Effect of Proline Pretreatment on the Water Stress Response in “Siete Caldos” Pepper Plants

1  Introduction

The chili pepper (Capsicum spp.) is a horticultural crop of importance for both gastronomy and the economy since its fruits are rich in various dietary and nutritional compounds, such as capsaicinoids, vitamins, and minerals [1,2]. In 2022, its global production reached ~37 million tons [3]. However, various environmental factors, such as salinity, drought, and extreme temperatures, can affect chili productivity [4,5].

Chili pepper cultivation is particularly vulnerable to water deficit in three critical stages: vegetative, flowering, and fruit development [6]. Among the morphological changes observed are the curling of the leaves, a delay in growth, and a reduction in the number of leaves [7]. Physically, there is a decrease in water content in shoots and roots, as well as photosynthetic pigments [8]. In biochemical terms, studies show that antioxidant and osmoprotective enzymes, such as proline (Pro), increase [7,9].

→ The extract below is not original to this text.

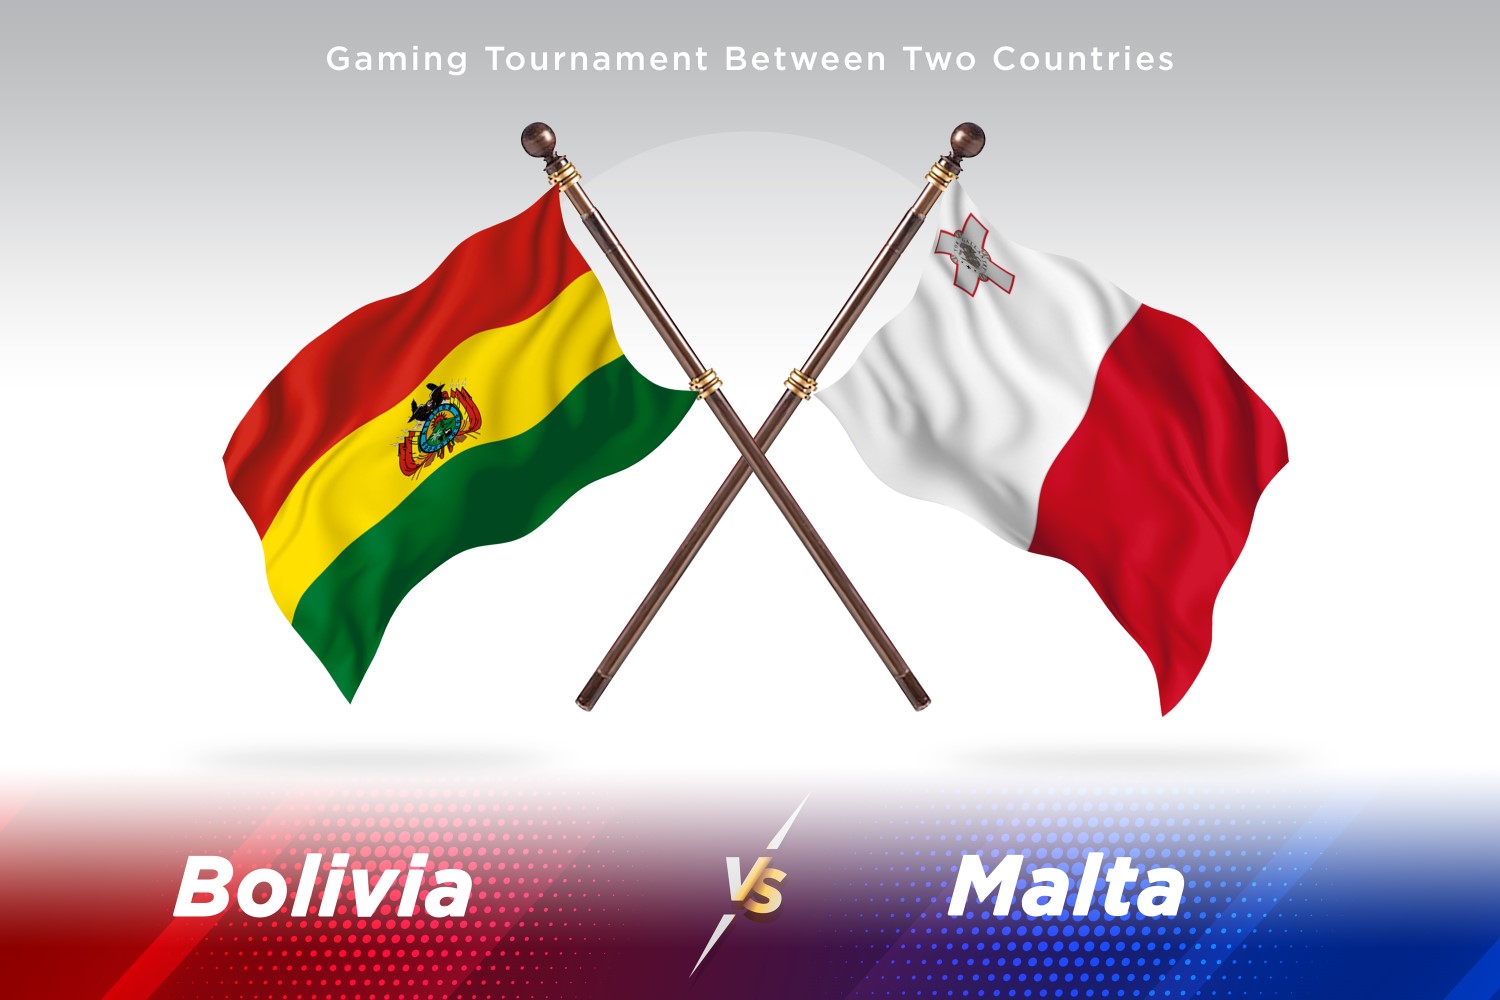 Bolivia versus Malta Two Flags

The search for strategies to improve tolerance to abiotic stress conditions and increase crop yields has focused on applying compounds such as growth regulators, hormones, polyamines, antioxidants, and exogenously [10]. Researchers have highlighted proline as an amino acid known for its efficacy as an osmoprotectant and signaling molecule, essential in primary metabolism in leaf and root tissues [11]. Several investigations have demonstrated that increasing proline accumulation positively correlates with regulating cell osmosis, stabilizing proteins and enzymes, and eliminating reactive oxygen species (ROS), all contributing to stress tolerance mechanisms [12–14].

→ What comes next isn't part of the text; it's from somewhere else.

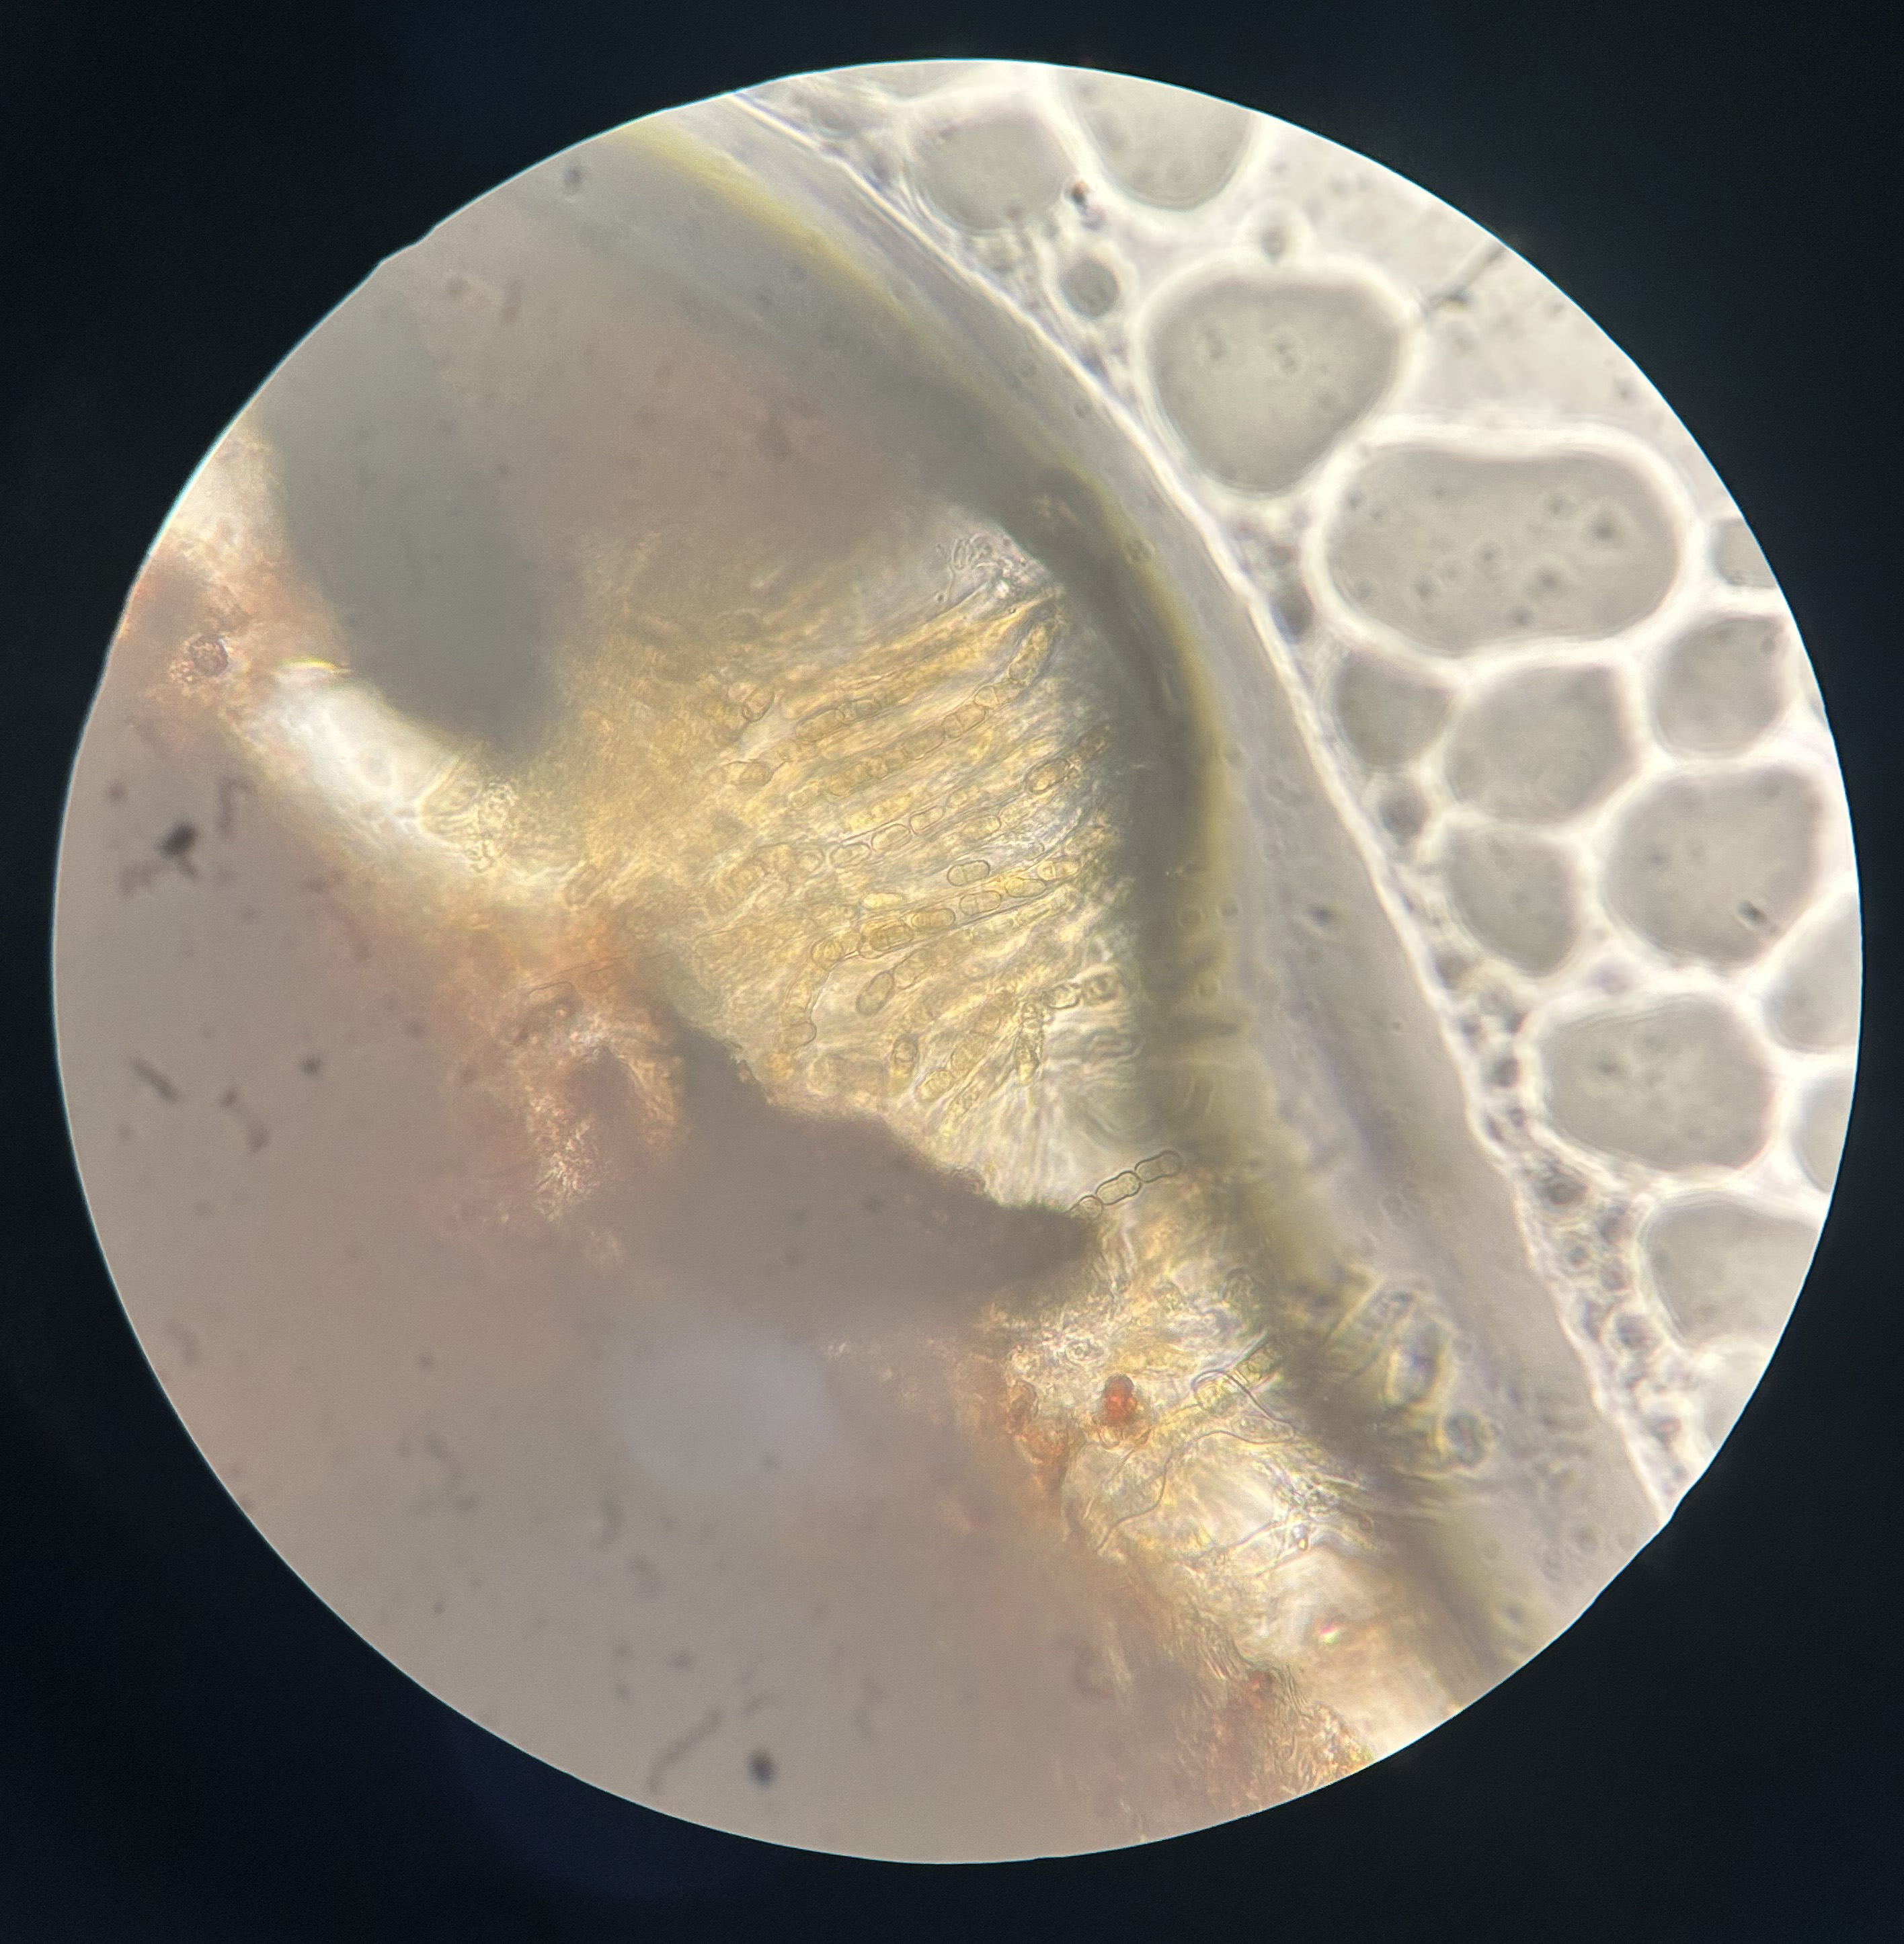 Apple scab ascospores under a miscroscope.

Applying exogenous Pro through seed priming, foliar spraying, and rooting/root immersion increases tolerance to abiotic stress [15]. However, its efficiency depends on the development stage, species variety, application time, and concentration [16]. Researchers have reported that applying proline under drought conditions induces an increase in the activity of antioxidant enzymes such as catalase (CAT), superoxide dismutase (SOD), and peroxidases (POD), as well as improvements in fresh weight yield, shoot height, sugar content, photosynthetic pigments, phenolic compounds, and a reduction in electrolyte leakage. In addition to promoting the absorption and accumulation of nitrogen (N), phosphorus (P) and potassium (K+) [17–19].

Researchers have reported that applying exogenous Pro in Capsicum annuum L. culture increases tolerance to salinity and temperature stress, affecting the activity of CAT, SOD, as well as photosynthetic and transpiration rate. They have also found that it improves growth and increases the relative water content (RWC), proline concentration, and proteins [20–22]. Given the need to search for strategies to enhance the natural tolerance of plants to abiotic factors and the limited research on the application of Pro in chili pepper crops under water stress conditions, this study aimed to determine how applying proline affects tolerance to water stress in a semi-domesticated species of Capsicum frutescens (Siete Caldos).

2  Materials and Methods

2.1 Obtaining of Seed

The seeds of Capsicum frutescens L., variety “Siete Caldos”, were obtained from mature fruits collected in a shade house located in the ejido El Porvenir Agrarista (16°10′02′′ N, 91°50′59′′ W; 1488 m a.s.l.) in the municipality of La Trinitaria, Chiapas, Mexico. This semi-domesticated chili variety is cultivated for local consumption.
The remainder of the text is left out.